Tuesday, February 23, 2010

Owners, renters, repairs and defects

Time for some charts and graphs – these come from the ABS's survey of housing mobility and conditions 2007-08, a new survey that is a veritable treasure trove of data about housing. We'll present more of it in further posts; first up, let's look at what it says about dwellings with structural defects, repairs and maintenance, and residents' satisfaction with their homes.

For present purposes, I've lumped all the owners (ie those subject to a mortgage, and those who are not) together, but I've left the tenants of private landlords distinct from the public housing tenants, because that's where the surprise is.

What's not surprising, I'm afraid, is that private tenants and public housing tenants are both more likely than owners to live with 'major structural defects' in their dwellings, as shown in figure 1.


(Figure 1. Major structural problems (%). ABS Australian Housing Mobility and Conditions 2007-08, table 14. Click on image for a better view.)

The surprising thing, for me at least, is that difference between the results for private rental and public housing is not greater. The troubles that the State and Territory housing authorities, such as our own Housing NSW, have had with properly maintaining their dwellings have been well-known for years. It seems that the private landlords have not been doing that much better.

It's a similar story with repairs and maintenance. For most categories of repairs and maintenance, owners got the work done more often than did either private tenants or public housing tenants. (Interestingly, the exception was plumbing, and electrical work was a fairly close call. I suspect that's because this sort of work is rarely cosmetic, and the repair work is being done in response to problems that obviously – and legally, as a matter of contract – need to be fixed. Good luck getting painting done.)


(Figure 2. Repairs and maintenance (%). ABS Australian Housing Mobility and Conditions 2007-08, table 15. Click on image for a better view.)
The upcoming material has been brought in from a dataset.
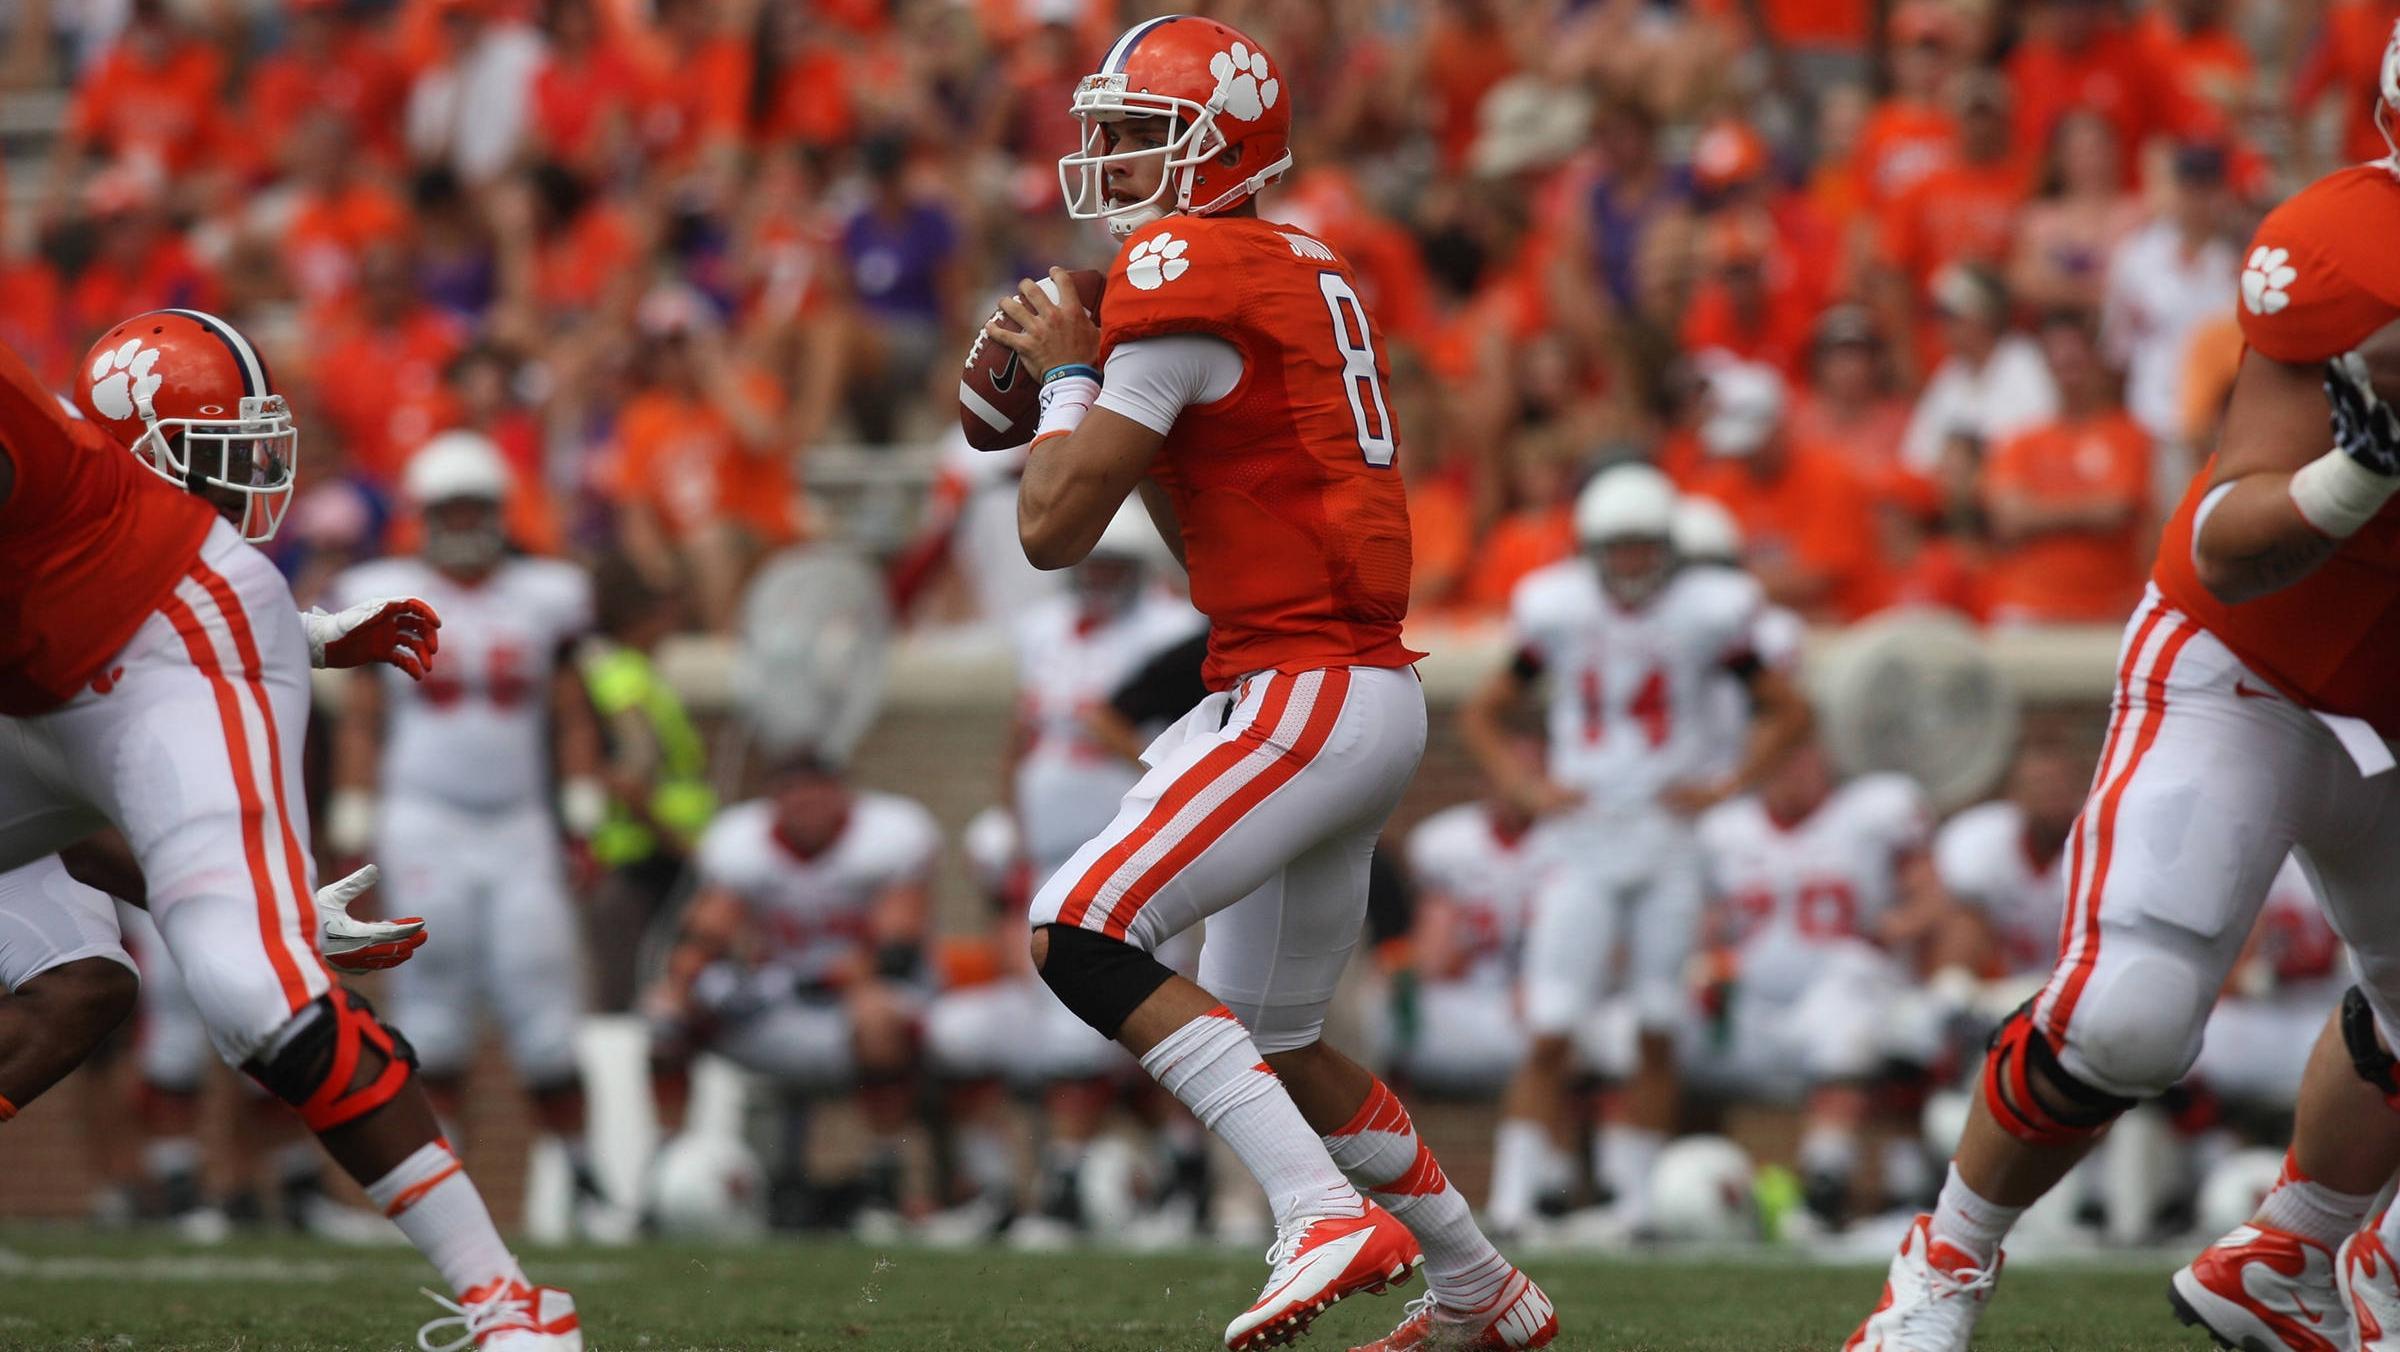 Clemson Football Video Report: Quarterback Cole Stoudt

And this time, in each category of repair the public housing tenants actually received a greater degree of service than the private renters. I suppose that stands to reason: because public housing's maintenance problems are so well known, these landlords have been more on the job in recent years. And I'm sure the relative insecurity of private renting is a factor: many repairs go undone because private renters are afraid they'll lose their tenancy if they ask for them.

Finally, who's satisfied and who's not satisfied with their housing. Again, no surprises that the owners are most satisfied: in fact, 91 per cent are 'satisfied' or 'very satisfied' with their dwelling. Rather fewer tenants – 78.3 per cent, the same for private tenants and public housing tenants – felt the same way.


(Figure 3. Satisfaction (%). ABS Australian Housing Mobility and Conditions 2007-08, table 16. Click on image for a better view.)

Of course, one might say '78.3 per cent satisfied or very satisfied – that's pretty good, isn't it?' On the contrary, because this is about something that looms as large in people's lives as the place they live and call home, I think we should mark these results pretty hard and say that if a quarter of people renting are not satisfied with their houses, that's not good. (And I must say I'm a little dubious that such a relatively large proportion of private tenants can actually maintain that delicately poised state of Zen-like ambivalence 'neither satisfied nor dissatisfied'. I suspect they're being polite. Or perhaps they are just weary, watching the paint peel.)